Entre essas empresas estão gigantes que têm plena capacidade de operar de maneira lucrativa sem a ajuda do Estado — seguindo, aliás, a lógica defendida por eles mesmos e pelos que apostam na liberdade total do mercado e na livre concorrência.
Entre elas estão, por exemplo, a Braskem, que teve, à sua disposição, incentivos concedidos por meio do Reiq (Regime Especial da Indústria Química) no total de R$ 2,27 bilhões. Na sequência estão outras companhias de peso, como a Syngenta, com R$ 1,77 bilhão; a TAM, com R$ 1,70 bilhão e a Yara Brasil Fertilizantes, R$ 1,23 bilhão.

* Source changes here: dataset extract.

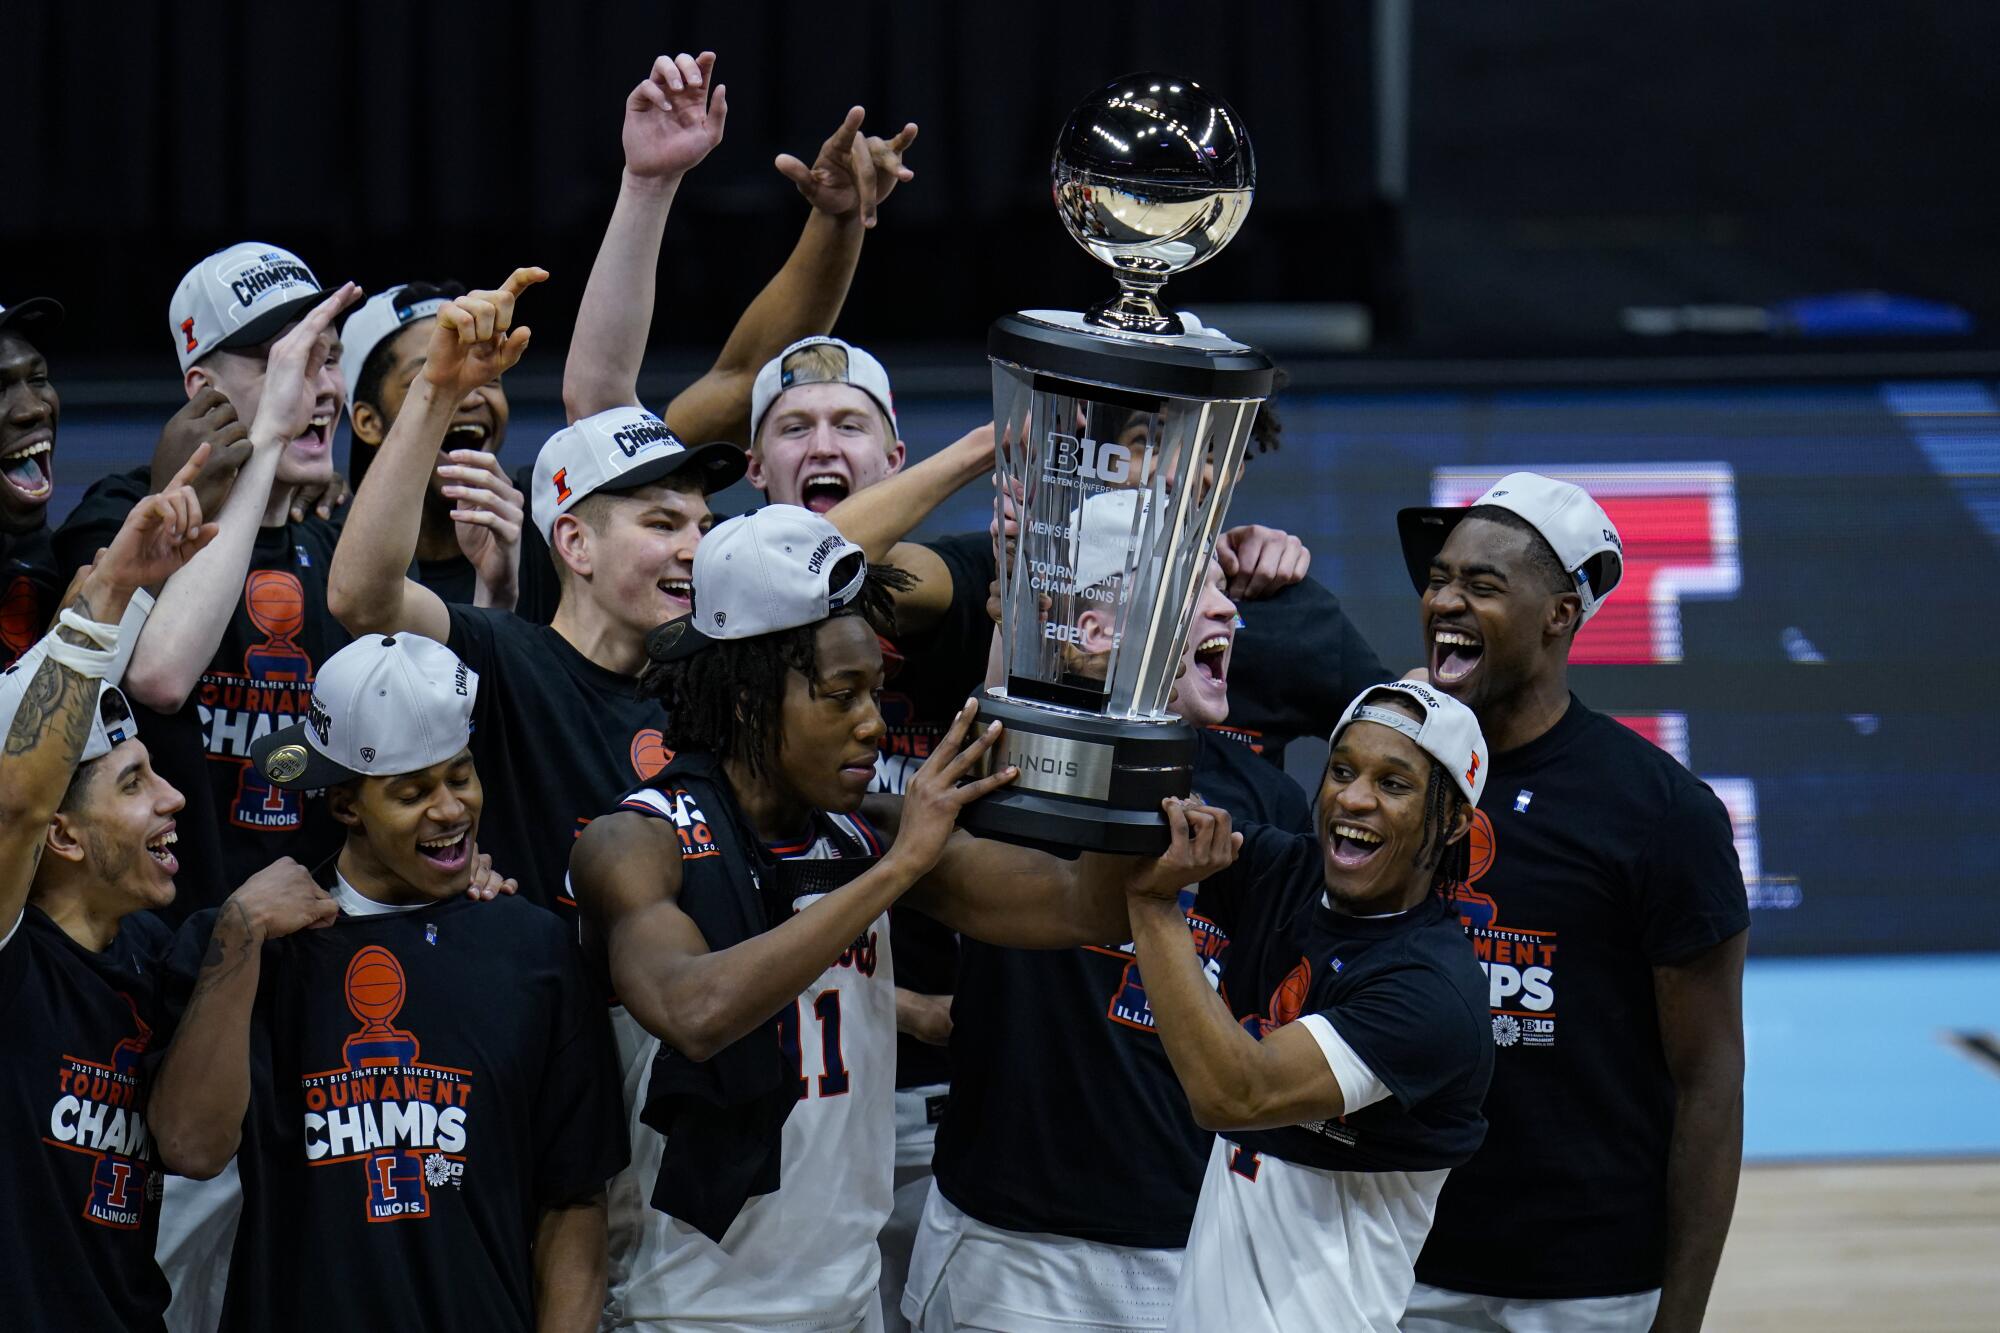 Illinois players celebrate after defeating Ohio State 91-88 in overtime to win the Big Ten tournament title Sunday.

Na lista constam, ainda, a Azul Linhas Aéreas (R$ 1,04 bilhão); a Samsung (R$ 1 bilhão); a OCP Fertilizantes (R$ 975,9 milhões); a Basf (R$ 907,6 milhões), a Arcelormittal (R$ 801,9 milhões) e a Philco (R$ 730 milhões). A lista completa pode ser acessada aqui.
Quando a divisão é feita por tipo de benefício fiscal, adubos e fertilizantes levam a melhor, com quase R$ 15 bilhões. Já a desoneração da folha de pagamentos soma R$ 12,2 bilhões e o segmento de defensivos agropecuários somam R$ 10,7 bilhões.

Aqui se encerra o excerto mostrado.